Head of the Information, Social, and Culture Function (Pensosbud) of the Indonesian Embassy in Oslo Nina Evayanti told Antara London on Friday that a seminar was co-organised by the Indonesian Embassy in Oslo and the Oslo Metropolitan University on Wednesday (June 19).

NU Executive Board Chairman Marsudi Syuhud delivered the NU presentation, while Muhammadiyah Executive Board Secretary General Abdul Mu'ti gave a presentation for Muhammadiyah. Director of the Wahid Institute Yenny Wahid and Professor Elisabeth Eide from the Oslo Metropolitan University were among the panel of speakers in the question and answer session.

While opening the seminar, Indonesian Ambassador to Norway and Iceland Todung Mulya Lubis remarked that NU and Muhammadiyah were two organizations that had a significant influence in Indonesia.

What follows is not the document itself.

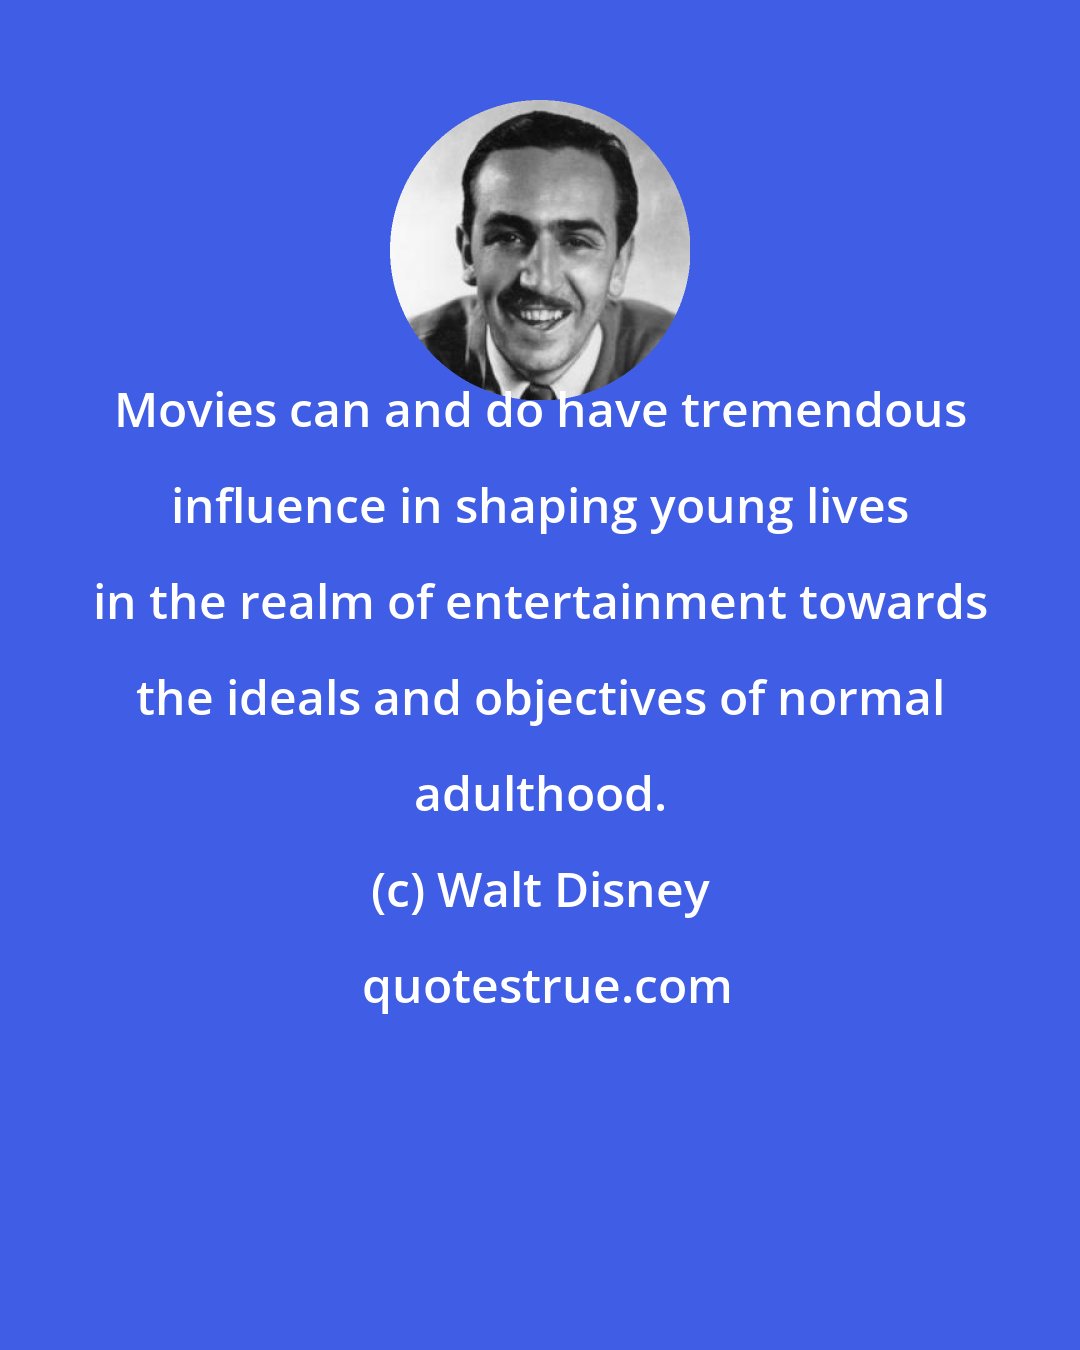 Walt Disney: Movies can and do have tremendous influence in shaping young lives in the realm of entertainment towards the ideals and objectives of normal adulthood.

Currently, NU members reach around 60 million, while those of Muhammadiyah are some 40 million. Hence, collectively, they constitute some 38.46 percent of Indonesia's total population.

"This large percentage hints at the major influence that these two organizations have as a force to maintain the integrity of the Republic of Indonesia," Ambassador Lubis pointed out.

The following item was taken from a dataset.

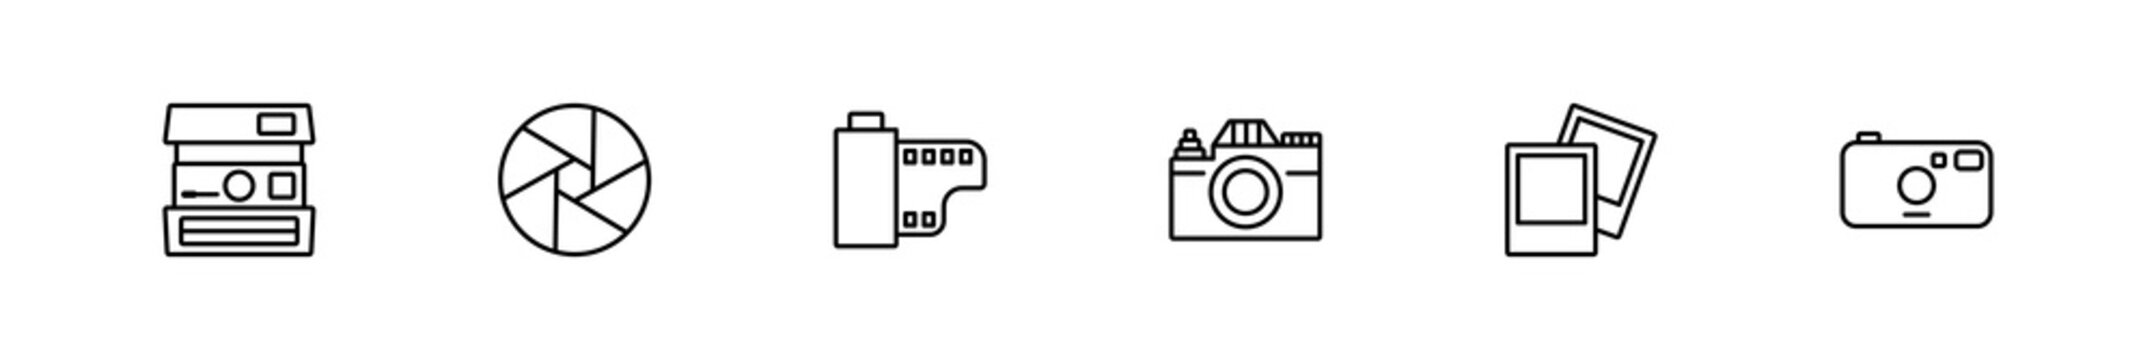 Set of vector icons on theme of photography. For web design and applications. Vector sign in simple style isolated on white background

Lubis further stressed that the strength of a country is strongly influenced by the strength of its civil society. If the civil society is strong, the country will automatically be strong. To this end, NU and Muhammadiyah have contributed notably to ensure that the values of tolerance are upheld in Indonesian civil society, and it remains progressive.

At this seminar, Syuhud spoke at length on the concept of Islam Nusantara (Islam of the Archipelago) that mirrored moderate Islam. The archipelago's Islamic concept promotes basic Islamic values, such as the middle way (tawasuth), balance (tawazun), and tolerance (tasamuh), that can be cultivated to maintain peace and unity of the Indonesian people in the midst of very complex plurality.

On the other hand, Abdul Mu'ti elaborated that in spite of employing a different approach, Muhammadiyah had also introduced moderate, peaceful, and prosperous Muslim concepts. He believes that every Muslim must understand his or her responsibility in terms of his or her character and towards his or her community and country.

"As individuals, every Muslim is free to practice worship in accordance with the teachings he or she believes in. However, it must be borne in mind that his freedom is also limited by his or her responsibilities as a member of society and a citizen. He or she must submit to the social norms of society as well as positive laws governed by the state, " he emphasized.